-- Opening Marker --

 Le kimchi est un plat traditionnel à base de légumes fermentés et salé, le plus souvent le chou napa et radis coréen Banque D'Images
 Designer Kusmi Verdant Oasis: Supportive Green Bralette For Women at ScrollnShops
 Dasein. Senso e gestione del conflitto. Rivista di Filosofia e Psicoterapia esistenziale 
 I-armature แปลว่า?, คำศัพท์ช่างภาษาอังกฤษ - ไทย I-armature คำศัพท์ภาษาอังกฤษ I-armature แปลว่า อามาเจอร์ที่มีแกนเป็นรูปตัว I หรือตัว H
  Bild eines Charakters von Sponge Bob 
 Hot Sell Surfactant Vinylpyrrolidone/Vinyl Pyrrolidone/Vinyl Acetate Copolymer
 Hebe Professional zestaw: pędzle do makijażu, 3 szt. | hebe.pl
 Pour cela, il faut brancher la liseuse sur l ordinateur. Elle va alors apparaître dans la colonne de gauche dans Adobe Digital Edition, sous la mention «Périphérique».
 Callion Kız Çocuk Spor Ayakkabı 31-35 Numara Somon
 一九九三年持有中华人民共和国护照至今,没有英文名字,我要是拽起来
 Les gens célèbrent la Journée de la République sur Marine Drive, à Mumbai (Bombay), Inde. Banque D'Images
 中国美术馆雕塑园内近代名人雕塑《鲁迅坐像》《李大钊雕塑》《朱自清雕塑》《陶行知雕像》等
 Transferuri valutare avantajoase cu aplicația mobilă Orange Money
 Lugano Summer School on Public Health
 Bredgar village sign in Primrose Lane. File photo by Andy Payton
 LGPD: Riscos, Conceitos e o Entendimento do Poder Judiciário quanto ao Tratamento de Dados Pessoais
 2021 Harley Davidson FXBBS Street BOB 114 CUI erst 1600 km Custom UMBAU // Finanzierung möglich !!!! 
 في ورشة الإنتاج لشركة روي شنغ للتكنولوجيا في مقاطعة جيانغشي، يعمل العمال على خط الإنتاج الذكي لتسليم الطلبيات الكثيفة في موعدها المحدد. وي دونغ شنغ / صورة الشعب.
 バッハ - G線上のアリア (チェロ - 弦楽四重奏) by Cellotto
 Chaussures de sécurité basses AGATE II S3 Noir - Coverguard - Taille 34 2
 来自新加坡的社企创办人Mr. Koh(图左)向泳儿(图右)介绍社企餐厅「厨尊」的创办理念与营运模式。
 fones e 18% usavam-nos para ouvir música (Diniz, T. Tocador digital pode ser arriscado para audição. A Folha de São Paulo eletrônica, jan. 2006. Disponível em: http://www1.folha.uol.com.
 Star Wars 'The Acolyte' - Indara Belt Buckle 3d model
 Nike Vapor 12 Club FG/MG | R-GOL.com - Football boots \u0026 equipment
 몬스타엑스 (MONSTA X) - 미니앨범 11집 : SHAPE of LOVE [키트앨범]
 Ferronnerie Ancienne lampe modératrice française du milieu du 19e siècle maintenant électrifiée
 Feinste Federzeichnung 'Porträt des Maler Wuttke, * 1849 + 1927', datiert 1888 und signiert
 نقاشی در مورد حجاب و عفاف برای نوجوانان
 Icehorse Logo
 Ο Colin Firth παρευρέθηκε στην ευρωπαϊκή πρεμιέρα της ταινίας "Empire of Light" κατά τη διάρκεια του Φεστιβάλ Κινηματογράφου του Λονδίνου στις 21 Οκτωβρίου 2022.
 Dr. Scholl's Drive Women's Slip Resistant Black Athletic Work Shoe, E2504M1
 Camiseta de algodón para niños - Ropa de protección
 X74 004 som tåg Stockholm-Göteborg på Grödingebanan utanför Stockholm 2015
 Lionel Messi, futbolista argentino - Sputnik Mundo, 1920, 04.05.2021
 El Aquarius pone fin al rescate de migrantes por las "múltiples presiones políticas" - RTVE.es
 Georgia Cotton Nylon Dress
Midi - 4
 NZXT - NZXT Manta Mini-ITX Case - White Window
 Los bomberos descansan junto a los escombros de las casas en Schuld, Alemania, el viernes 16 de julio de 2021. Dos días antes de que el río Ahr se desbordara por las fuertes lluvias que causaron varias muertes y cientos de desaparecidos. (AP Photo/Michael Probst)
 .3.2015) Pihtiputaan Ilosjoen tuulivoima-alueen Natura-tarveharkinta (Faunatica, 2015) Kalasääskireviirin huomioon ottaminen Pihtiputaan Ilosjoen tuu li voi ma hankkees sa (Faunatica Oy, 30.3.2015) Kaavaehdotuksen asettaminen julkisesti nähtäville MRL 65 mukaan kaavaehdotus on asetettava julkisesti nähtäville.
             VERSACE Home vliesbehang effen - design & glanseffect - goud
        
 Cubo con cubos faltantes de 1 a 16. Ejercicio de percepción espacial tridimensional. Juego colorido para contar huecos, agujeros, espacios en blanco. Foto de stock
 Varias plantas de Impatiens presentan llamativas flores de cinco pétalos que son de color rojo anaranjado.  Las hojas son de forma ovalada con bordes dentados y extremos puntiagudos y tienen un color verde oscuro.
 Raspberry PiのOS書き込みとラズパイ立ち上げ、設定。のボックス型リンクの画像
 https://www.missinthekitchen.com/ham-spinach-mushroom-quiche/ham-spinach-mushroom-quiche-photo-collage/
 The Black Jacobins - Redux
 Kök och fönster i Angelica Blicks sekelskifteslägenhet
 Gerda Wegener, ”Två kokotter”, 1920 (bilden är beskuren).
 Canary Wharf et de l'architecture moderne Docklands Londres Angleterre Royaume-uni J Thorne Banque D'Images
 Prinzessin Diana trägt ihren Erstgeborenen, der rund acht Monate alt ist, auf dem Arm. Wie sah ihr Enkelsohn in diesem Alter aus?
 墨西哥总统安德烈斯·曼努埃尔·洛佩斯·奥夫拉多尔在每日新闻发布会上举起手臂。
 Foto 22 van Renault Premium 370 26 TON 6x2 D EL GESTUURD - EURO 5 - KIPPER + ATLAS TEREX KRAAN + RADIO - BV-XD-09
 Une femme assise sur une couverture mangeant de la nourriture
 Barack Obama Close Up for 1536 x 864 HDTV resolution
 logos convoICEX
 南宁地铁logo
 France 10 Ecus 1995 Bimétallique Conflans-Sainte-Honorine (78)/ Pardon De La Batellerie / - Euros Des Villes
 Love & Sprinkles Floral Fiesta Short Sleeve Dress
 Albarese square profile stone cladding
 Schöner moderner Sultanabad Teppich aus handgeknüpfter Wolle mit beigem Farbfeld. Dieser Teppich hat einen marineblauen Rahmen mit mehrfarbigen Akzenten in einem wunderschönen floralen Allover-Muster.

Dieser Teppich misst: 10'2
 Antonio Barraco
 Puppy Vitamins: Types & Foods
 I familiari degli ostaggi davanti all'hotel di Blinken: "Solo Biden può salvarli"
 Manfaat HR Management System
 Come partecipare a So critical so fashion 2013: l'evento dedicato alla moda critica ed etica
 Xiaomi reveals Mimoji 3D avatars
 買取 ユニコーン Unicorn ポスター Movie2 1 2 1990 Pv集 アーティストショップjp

-- Closing Marker --

* Prompt
Print the lines above from the one with "Hebe Professional zestaw: pędzle" through the one with "LGPD: Riscos, Conceitos", both included, exactly as written and nothing more.

* Answer box
 Hebe Professional zestaw: pędzle do makijażu, 3 szt. | hebe.pl
 Pour cela, il faut brancher la liseuse sur l ordinateur. Elle va alors apparaître dans la colonne de gauche dans Adobe Digital Edition, sous la mention «Périphérique».
 Callion Kız Çocuk Spor Ayakkabı 31-35 Numara Somon
 一九九三年持有中华人民共和国护照至今,没有英文名字,我要是拽起来
 Les gens célèbrent la Journée de la République sur Marine Drive, à Mumbai (Bombay), Inde. Banque D'Images
 中国美术馆雕塑园内近代名人雕塑《鲁迅坐像》《李大钊雕塑》《朱自清雕塑》《陶行知雕像》等
 Transferuri valutare avantajoase cu aplicația mobilă Orange Money
 Lugano Summer School on Public Health
 Bredgar village sign in Primrose Lane. File photo by Andy Payton
 LGPD: Riscos, Conceitos e o Entendimento do Poder Judiciário quanto ao Tratamento de Dados Pessoais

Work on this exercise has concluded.